# Tramping Values



## hockey2217 (Jan 21, 2015)

Hey everyone! I am working on a graduate thesis about traveling lifestyles as an alternate life choice to American capitalist ideologies and would greatly appreciate any responses to the questions below! 
If anyone is interested in participating in an interview about their experiences please let me know! 

What are some reasons why y'all chose to hit the road? 

Are there any cultural, political, or economic values you abandoned? What kinds?

Are there any new values you developed in your travels? What are they?


----------



## Kim Chee (Jan 21, 2015)

Oooooh! I'm interested!

I am all for participating in interview with you (pm me) and can answer your questions in this thread then.

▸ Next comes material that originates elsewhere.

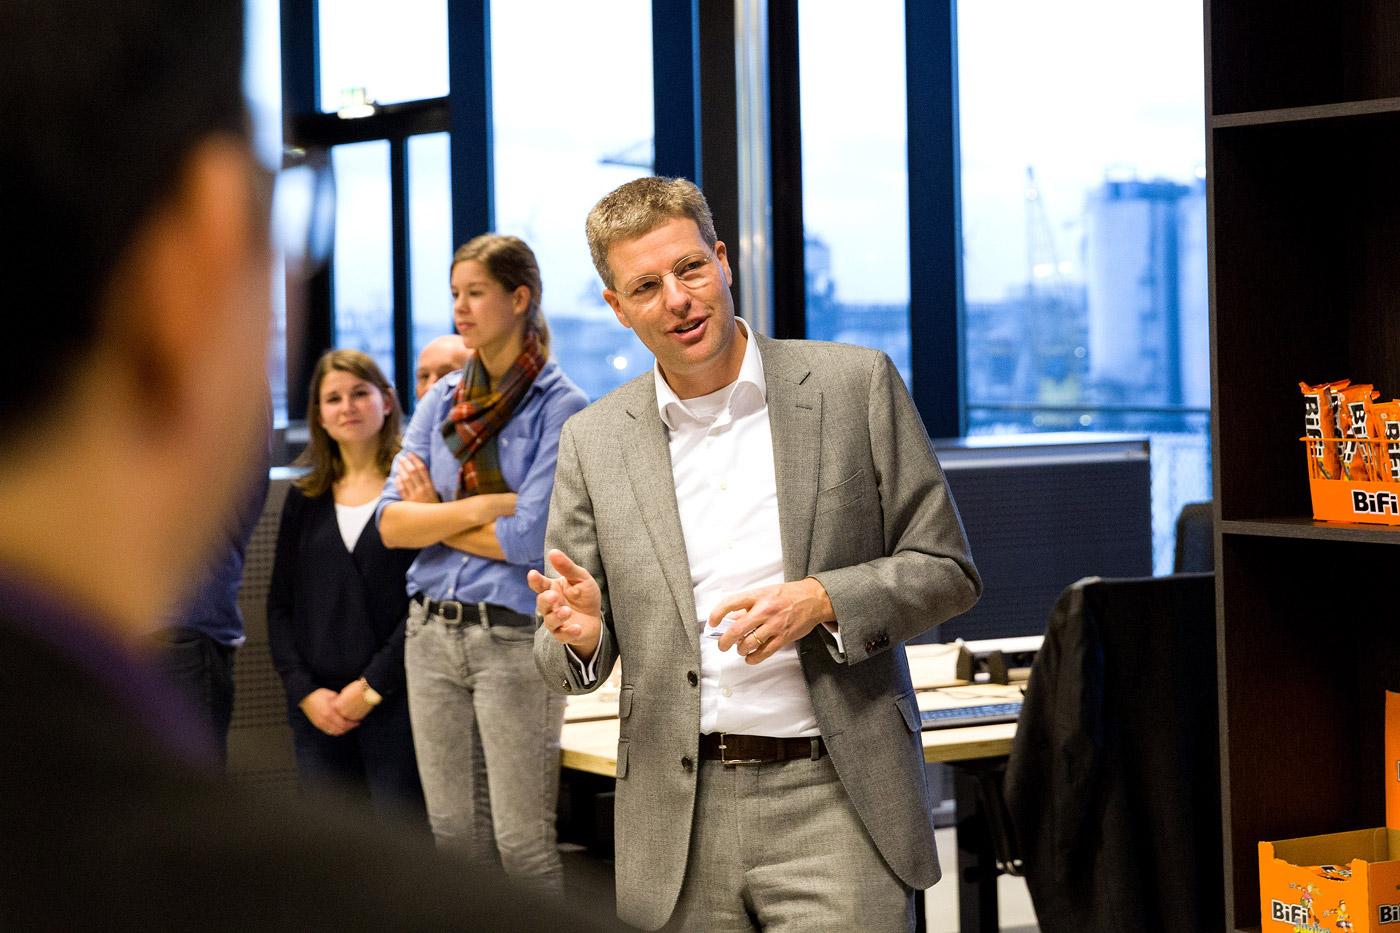 jacklinks-bifi-peperami-amsterdam-feest-receptie-hoofdkantoor-opening-baas-toespraak

btw: thank you for taking an interest in the community.


----------



## CelticWanderer (Jan 21, 2015)

this sounds like fun  PM if you need more people. I've only gone once and for a few months but i feel I can answer your questions.


----------



## Tude (Jan 21, 2015)

PM me - I have a few people I've pointed out to questions such as these.  And yes thank you for taking an interest in the community.


----------



## wanderwhy (Jan 21, 2015)

wow...that's weird. I'm also working on a graduate project on this EXACT TOPIC currently, though my final product will be a documentary film instead of a thesis. Good luck, I'm currently in the literature review portion and won't get to interviews, observation, filming and traveling myself until this summer.


----------



## kerouac (Jan 22, 2015)

cool, i'm into this, being interviewed is fun


----------



## Tude (Jan 22, 2015)

Yeah he's interviewed three already.


----------